Publisher's circulation in 1966 in the City of Thousand Oaks was 3500. Some of Publisher's papers were distributed free and some were distributed by way of subscription contracts. Publisher's circulation in Thousand Oaks was ‘controlled’ in that Publisher knew where every copy was distributed. Finally, both non-subscription and subscription home deliveries were made by newsboys between the ages of eleven and fifteen.
In July 1966, City enacted Ordinance No. 98, to become effective on or about the 18th of August 1966.
Section 4 of the Ordinance reads as follows:1
‘No person may throw, cast, distribute, scatter, deposit, pass out, give away, circulate or deliver any handbill, dodger, circular, newspaper, paper, booklet, poster, other printed matter or advertising literature of any kind in the yard or grounds of any house, building structure, on any porch, doorstep or vestibule, in any public hallway, or upon any vacant lot or other private property without having first obtained permission of the owner or of an adult resident or occupant thereof.’ Violation of this ordinance is made a misdemeanor.
Section 1 of Ordinance No. 98 serves as the City's preamble for the ordinance and declares that ‘The City Council of the City of Thousand Oaks finds and determines that entire communities within the City and a considerable number of citizens are adversely affected by persons, without consent, throwing, casting, distributing, scattering and depositing handbills, dodgers, circulars, newspapers, booklets, posters, printed matter and advertising literature upon public and private property. These acts are declared to constitute a public nuisance.’
On August 12, 1966, the Superior Court for the County of Ventura issued a preliminary injunction enjoining the enforcement of the ordinance against Publisher.
On November 7, 1967, the superior court rendered judgment in favor of Publisher and permanently enjoined City from enforcing Ordinance No. 98 against Publisher. Thereafter, City moved for a new trial. The court reopened the case on May 17, 1968, in lieu of granting a new trial. Finally, on March 14, 1969, the court reversed its previous position and ordered judgment for City, resting its decision on the authority of Di Lorenzo v. City of Pacific Grove, 260 Cal.App.2d 68, 67 Cal.Rptr. 3.
Publisher's attack on the City's ordinance raises two critical issues. First, Publisher argues that the section in question is not within the constitutionally permissible range of legislative regulation and impinges on Publisher's guaranteed rights of free speech and free press.
Second, ostensible distinctions between the language of the Di Lorenzo ordinance and the City's ordinance require consideration of whether City's ordinance is too broadly constructed and includes within its scope, activities which cannot constitutionally be regulated. For reasons hereinafter noted we conclude that the stated purpose of Ordinance No. 98 is both legitimate and substantial and is not ‘pursued by means that broadly stifle fundamental personal liberties.’ (Shelton v. Tucker, 364 U.S. 479, 488, 81 S.Ct. 247, 252, 5 L.Ed.2d 231.)

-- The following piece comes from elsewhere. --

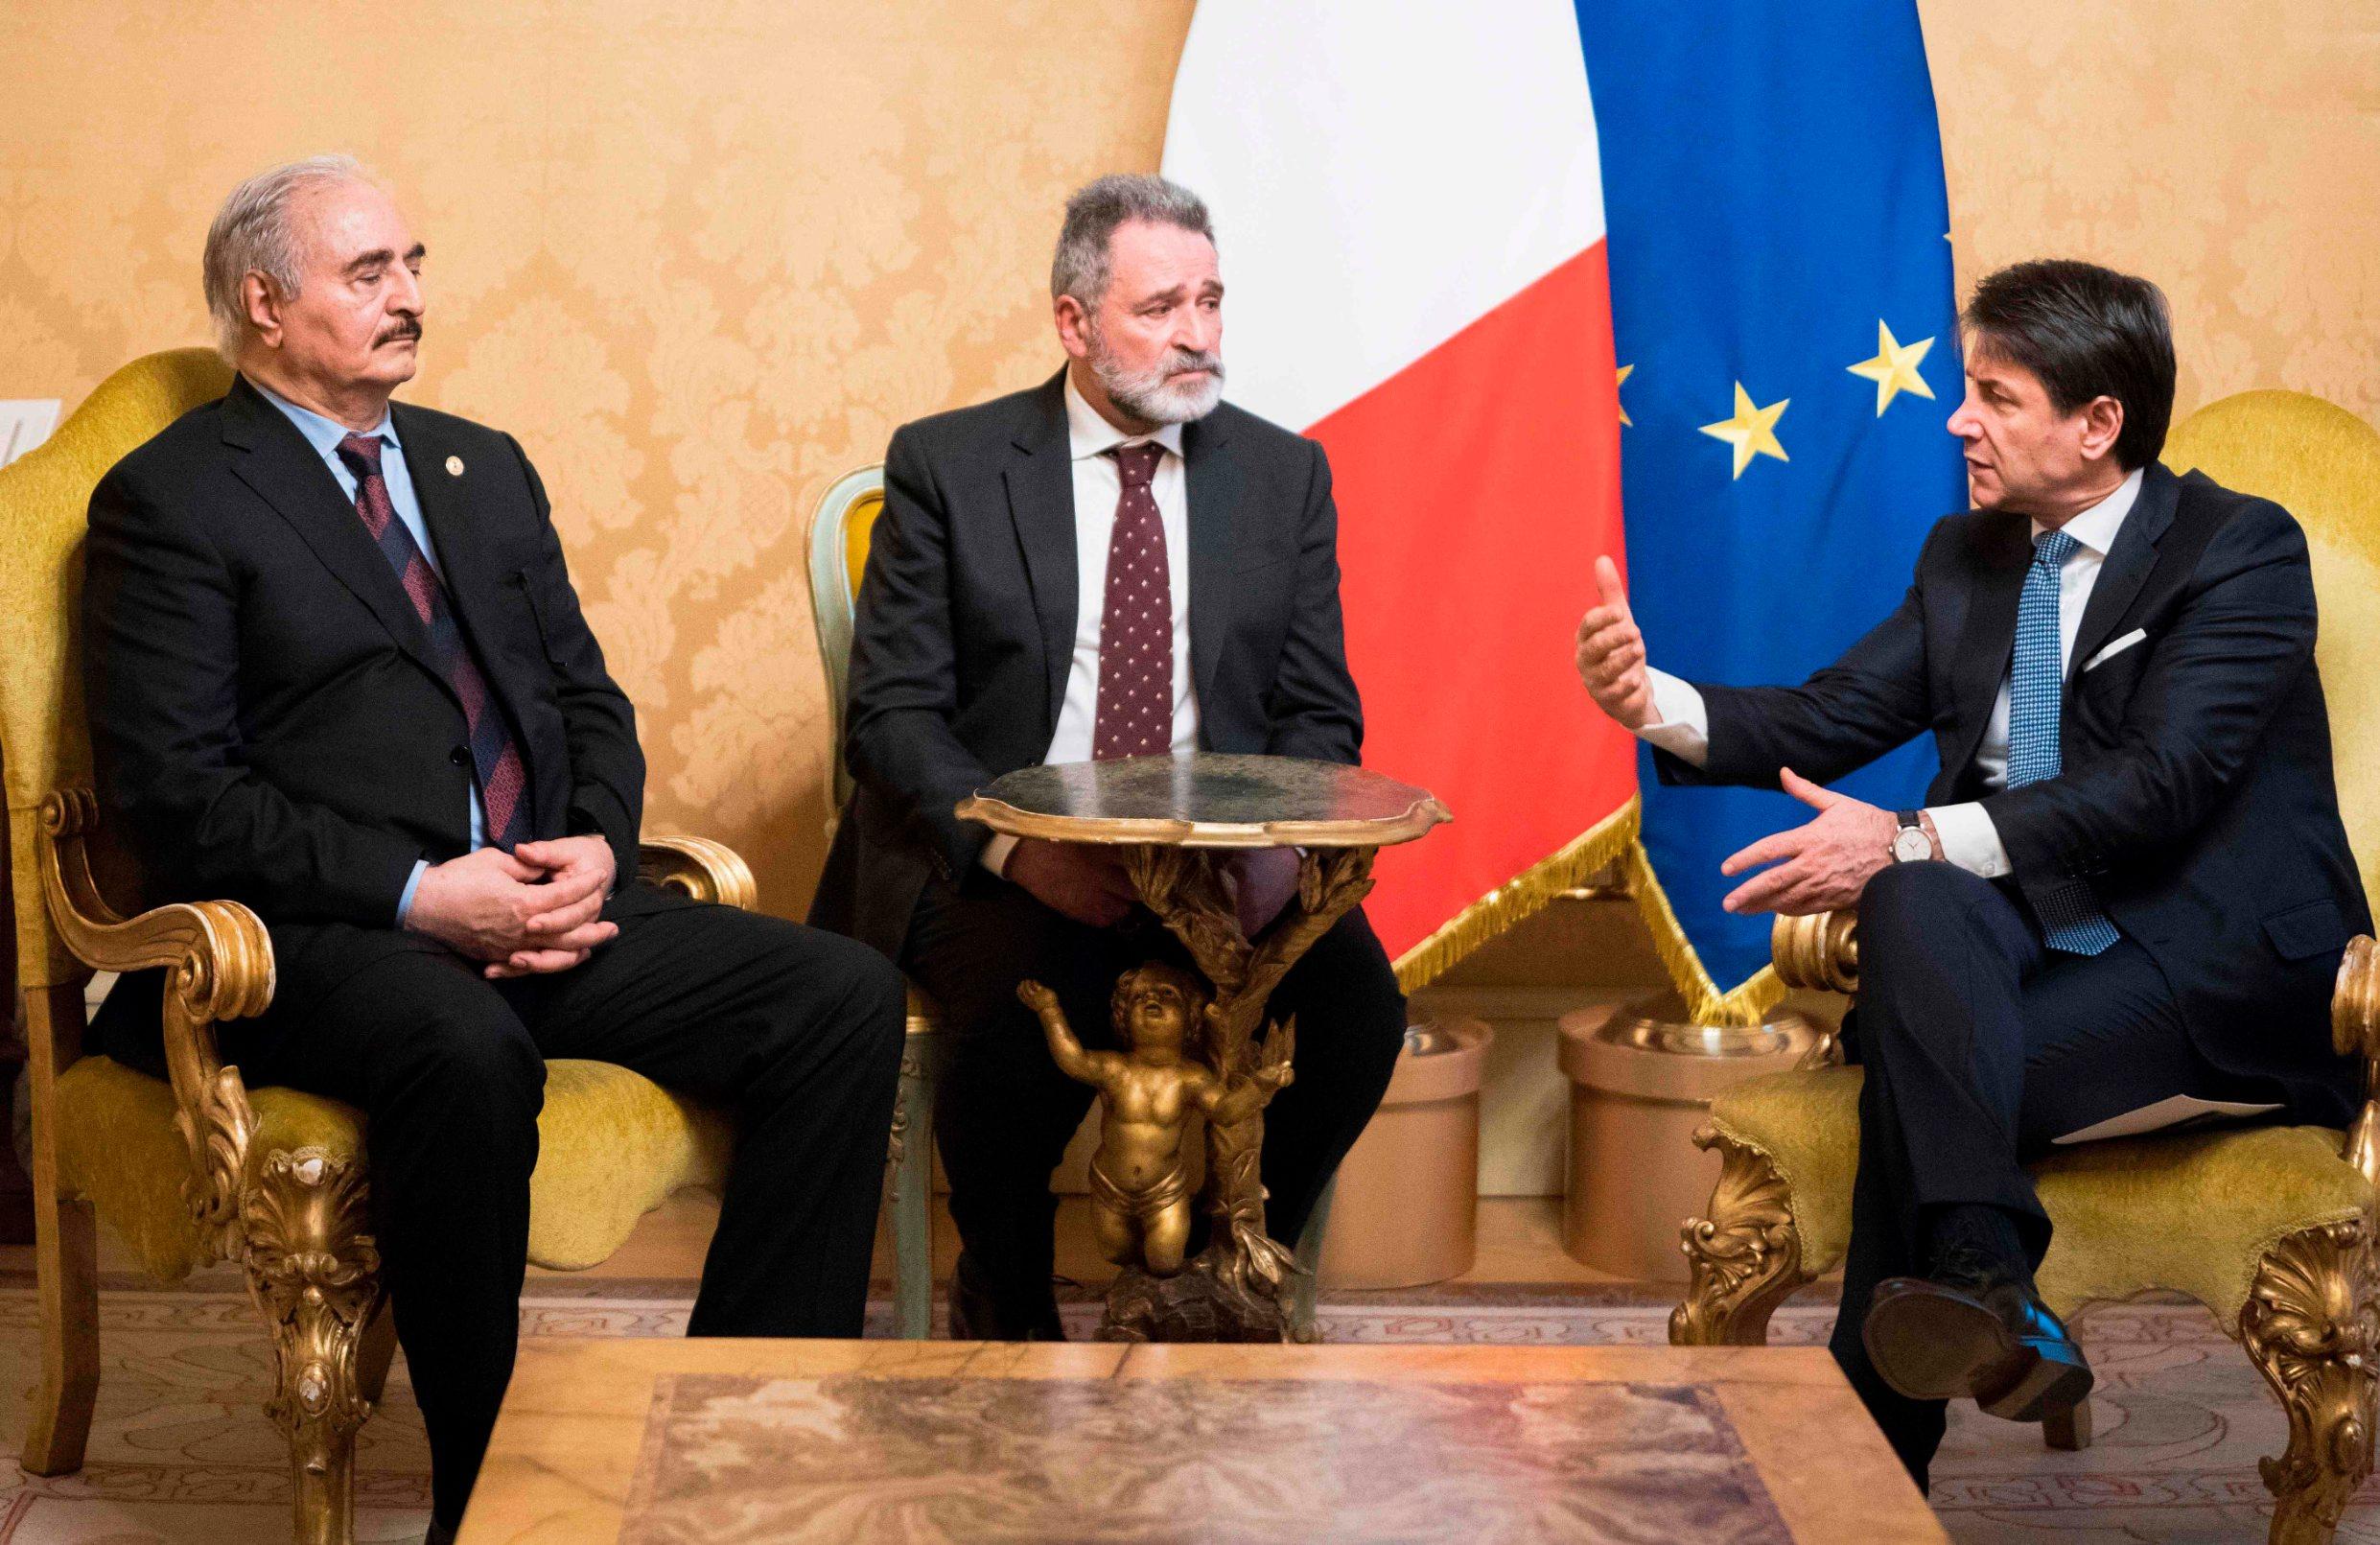 Talijanski premijer Giuseppe Conte (desno) i lider libijske Nacionalne armije maršal Kalifa Haftar

The reported opinions of the appellate courts throughout this country contain a chronicle of numerous and colorful conflicts between municipal authorities and persons who contended that legislative enactments of the municipalities impinged upon their various constitutional freedoms.
We are called upon to examine once again the question of whether the actions of a municipal legislative body in seeking to protect its constituency against conduct which is apparently offensive to a majority has overstepped constitutional boundaries.
We agree with the trial judge in the instant case that the result reached in Di Lorenzo, supra, and the rationale supporting it are dispositive of the issue of municipal regulation of Publisher's activities.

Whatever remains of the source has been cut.